A configuration example of an optical wavelength detection system will be shown in FIG. 1.
With this configuration example, an optical diffraction device 100, a focusing lens 200, and light receiving means 300 are fixed on a board 400.
The optical diffraction device 100 disperses incident light into light components having multiple wavelengths included in the light thereof. The focusing lens 200 refracts the respective incident light components and focuses these upon the light receiving surface of the light receiving means 300. The light receiving means 300 detect, based on the incident position of the light receiving surface of each light component, the wavelength of the light component thereof. With the configuration example in FIG. 1, light components 40 focused from the focusing lens 200 (FIG. 1 illustrates the optical paths of three light components) are configured so as to temporally change the directions thereof at a reflection mirror 390 to perpendicularly enter the light receiving surface of the light receiving means 300. Here, the example shows a case of employing a PLC (Planner Lightwave Circuit) type spectral element serving as the optical diffraction device 100, and a PD (Photo Diode) array serving as the light receiving means 300.
With the configuration such as FIG. 1, when temperature changes, along with the thermal expansion of the board, the distance between the optical diffraction device 100, the focusing lens 200, and the light receiving means 300, and the focal length of the focusing lens 200 change, and along therewith, the incident positions of the light components focused on the light receiving surface of the light receiving means change, so it is necessary to correct the change thereof.

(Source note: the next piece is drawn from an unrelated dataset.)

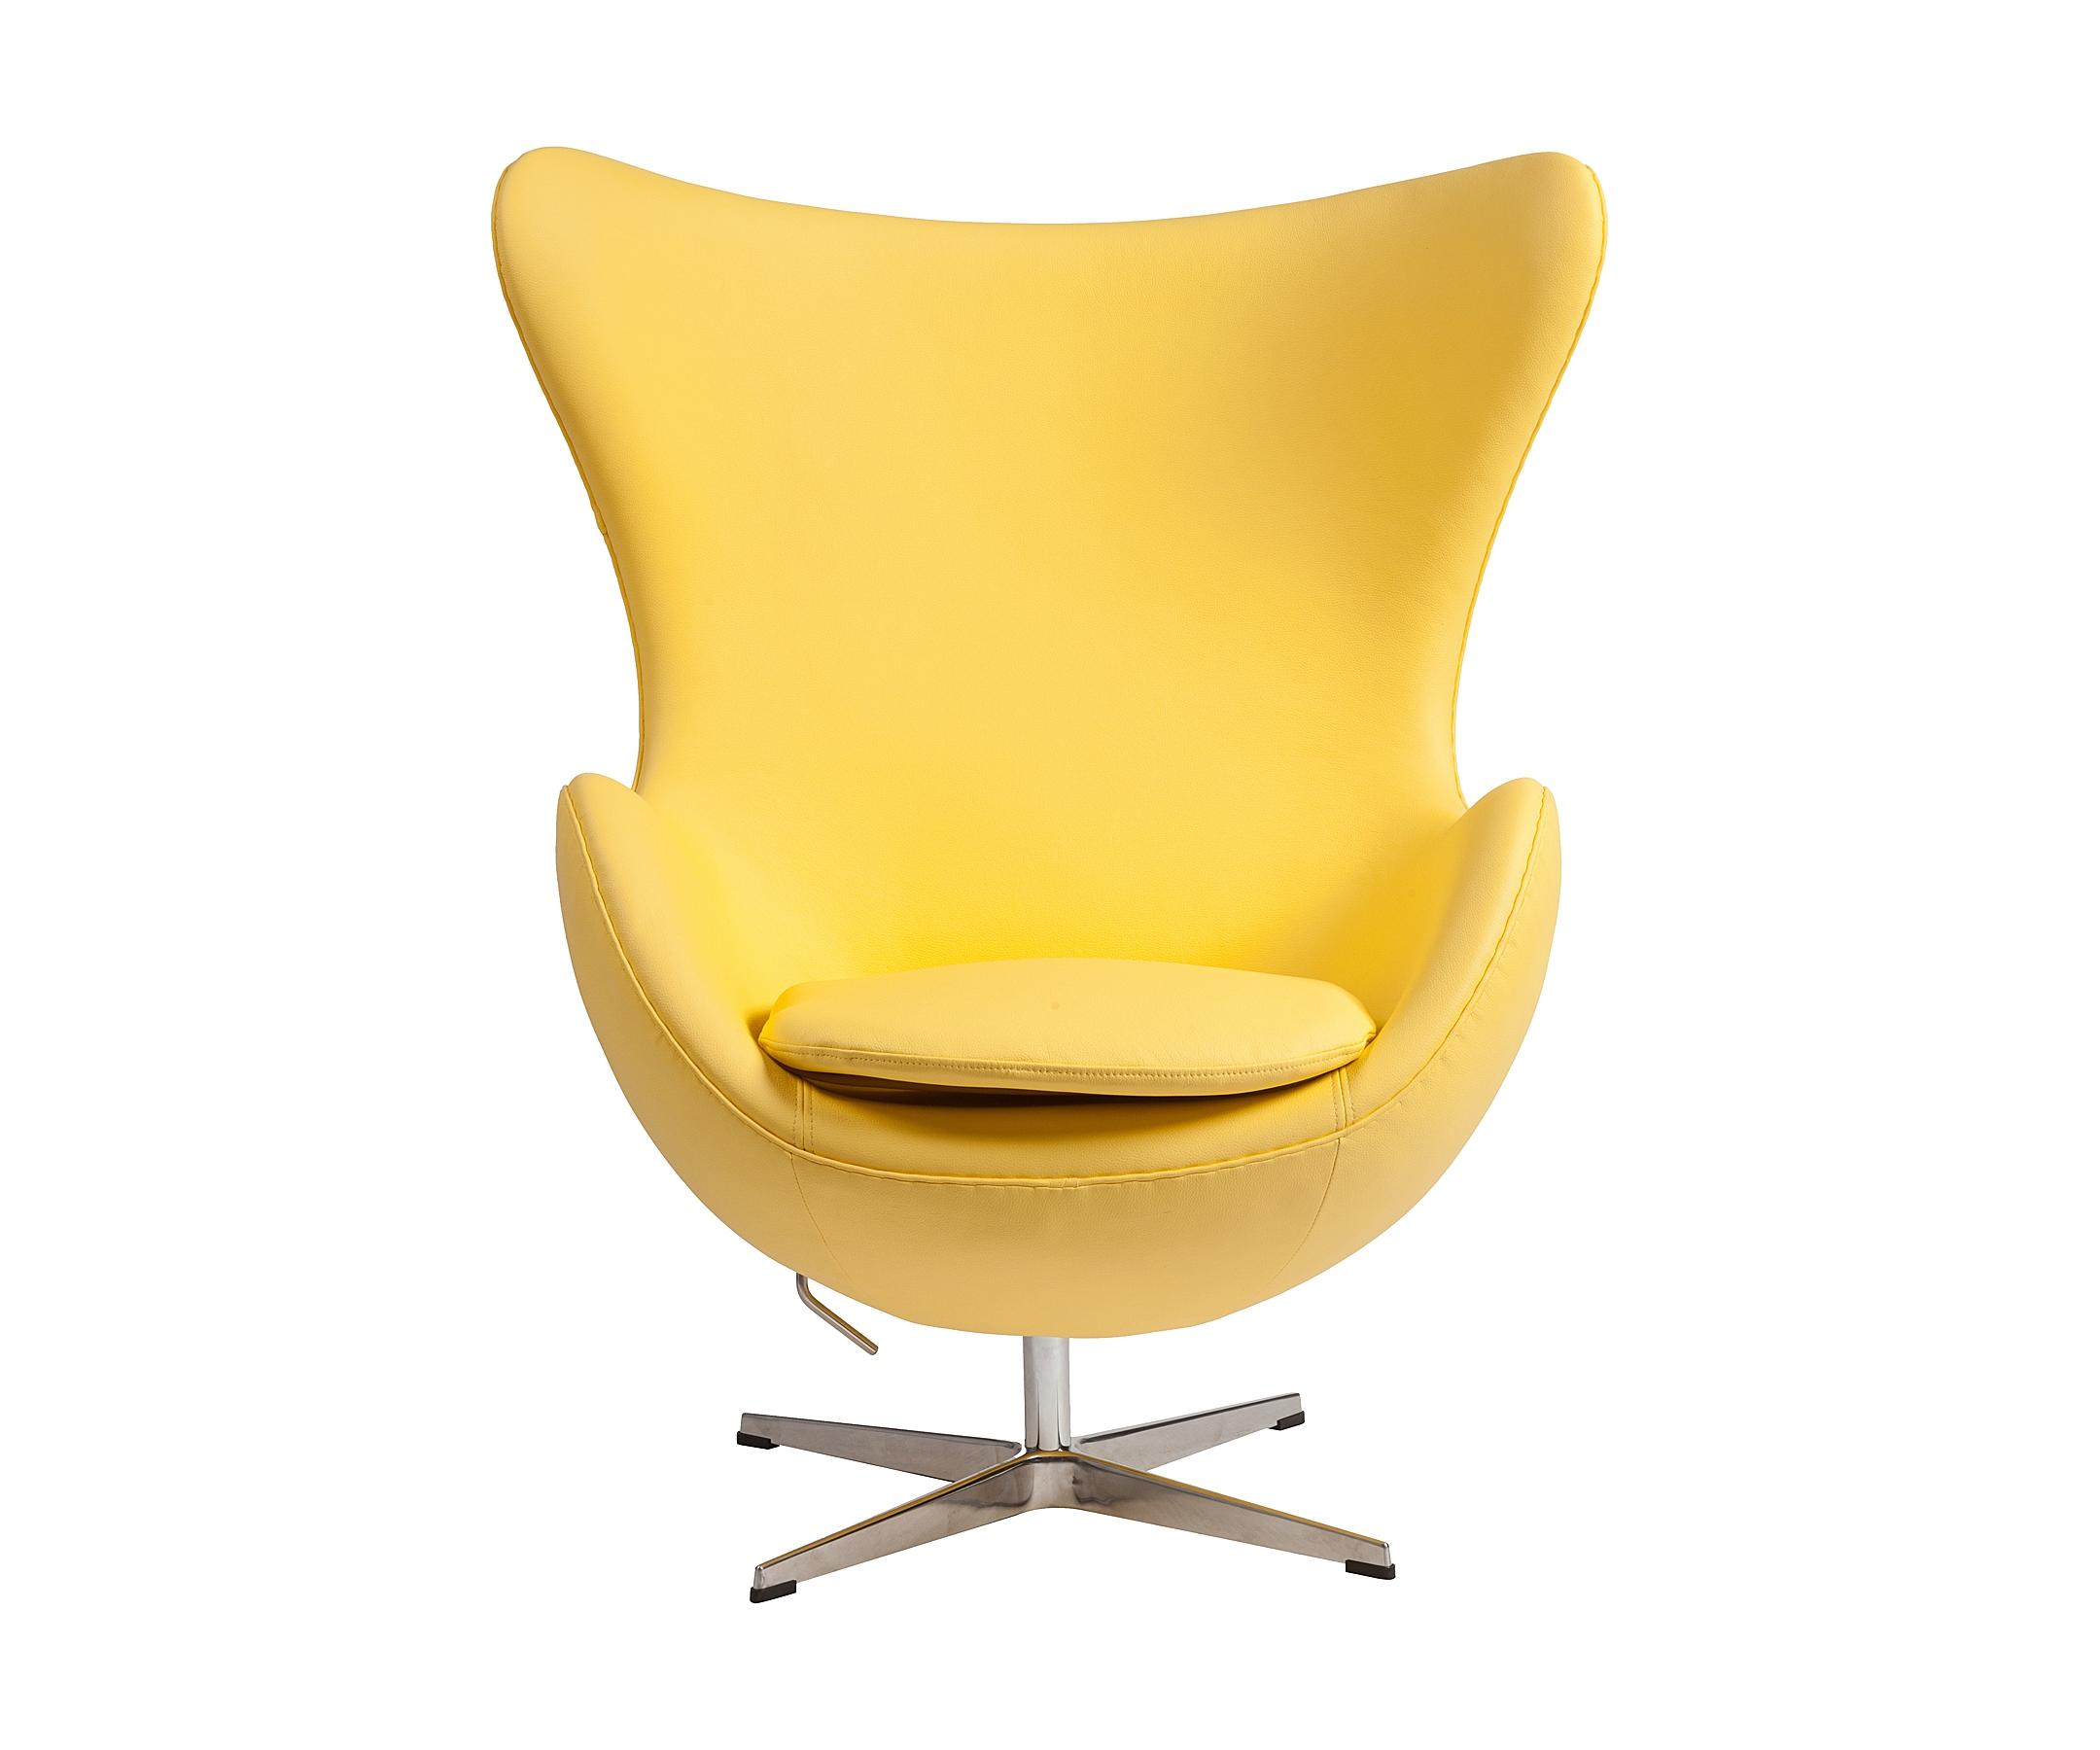 Кресло Egg ChairКресла с высокой спинкой<br><br><br>Material: Кожа<br>Ширина см: 82<br>Высота см: 105<br>Глубина см: 76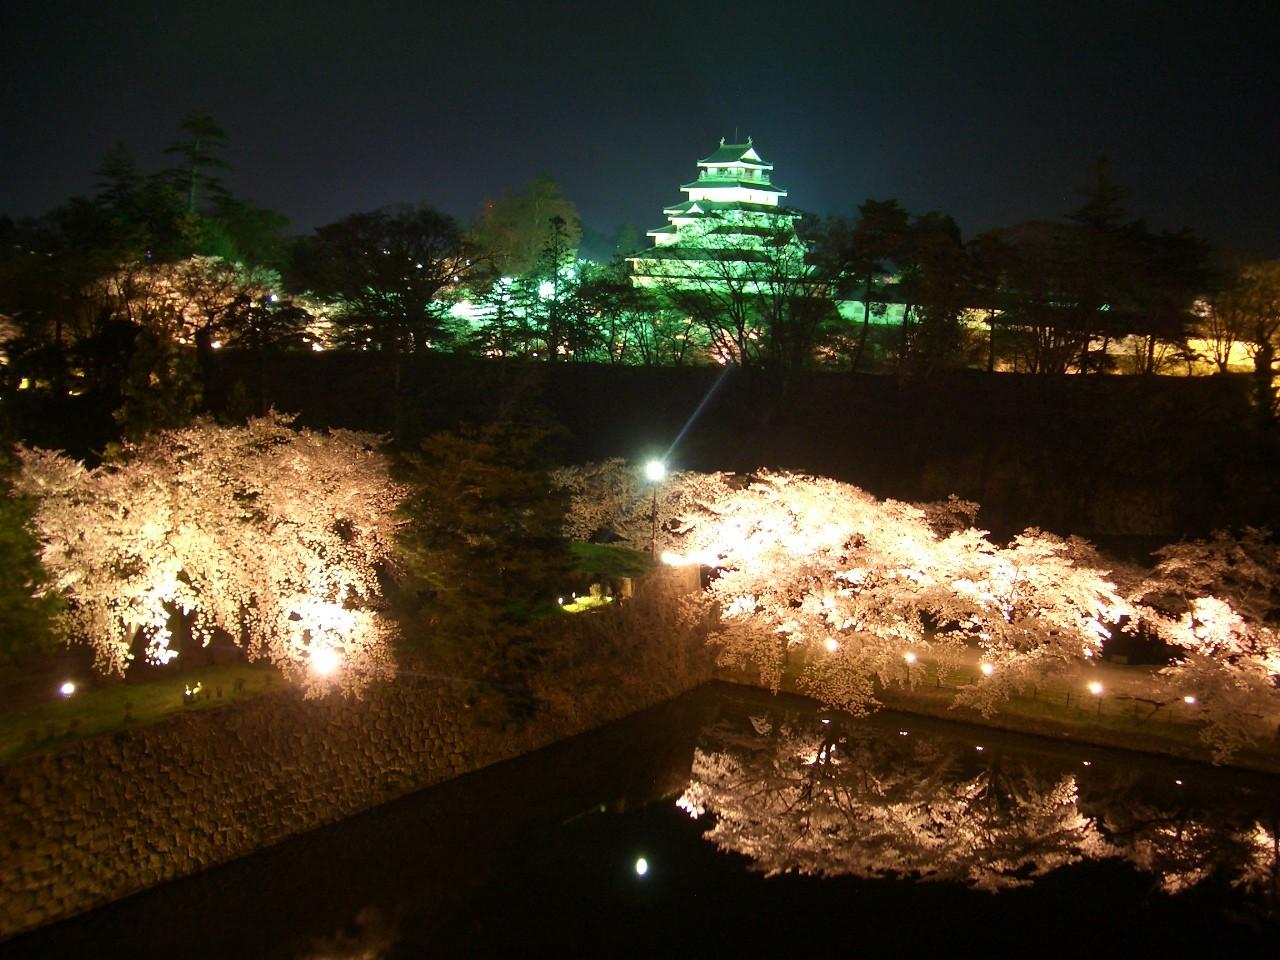 ライトアップされた鶴ヶ城、手前の桜もきれいです。

As for a technology for correcting influence due to such temperature change, with an optical pickup, laser collimator apparatus, and so forth, a technology has been disclosed wherein the focal length change due to temperature is cancelled out by thermal expansion such as the casing of an optical part. Japanese Unexamined Patent Application Publication No. 63-264716 discloses a projection lens for compensating the change of the focal position due to temperature change, Japanese Unexamined Patent Application Publication No. 1-220234 discloses a technology for compensating the focal length change along with the temperature change of a collimator lens, and the relative position change between a light source and the collimator lens due to use of a compensating member, Japanese Unexamined Patent Application Publication No. 10-133087 discloses a technology for compensating the temperature change of the focal position of an optical system, Japanese Unexamined Patent Application Publication No. 2004-281033 discloses a technology for suppressing the amount of astigmatism due to the temperature change, and Japanese Unexamined Patent Application Publication No. 11-64757 discloses a technology for canceling out the change of the focal length due to temperature change.
As described above, with the conventional technologies, correction is made regarding the change caused by the expansion of the board material due to temperature change, and the focal length change of the focusing lens, but the expansion due to the temperature change of a PD array member for detecting light components is not taken into consideration. The conventional correction methods select a material for conforming the lens focal length change due to temperature, and the amount of change due to thermal expansion of the material of the board for fixing between the diffraction device and the focusing lens, and between the focusing lens and the PD array, or a material for approximating the lens focal length change to zero as much as possible, and also approximating the thermal expansion of the member to zero as much as possible. However, the thermal expansion of the PD array itself is not taken into consideration, and accordingly it has been difficult to completely suppress the identification errors of the optical wavelength due to temperature change.
With optical wavelength measurement, an optical wavelength selection switch, and so forth in an optical transmission network, high-precision wavelength identification is demanded, and a higher-precision wavelength identification method for also taking the expansion of the member itself making up the PD array into consideration is demanded.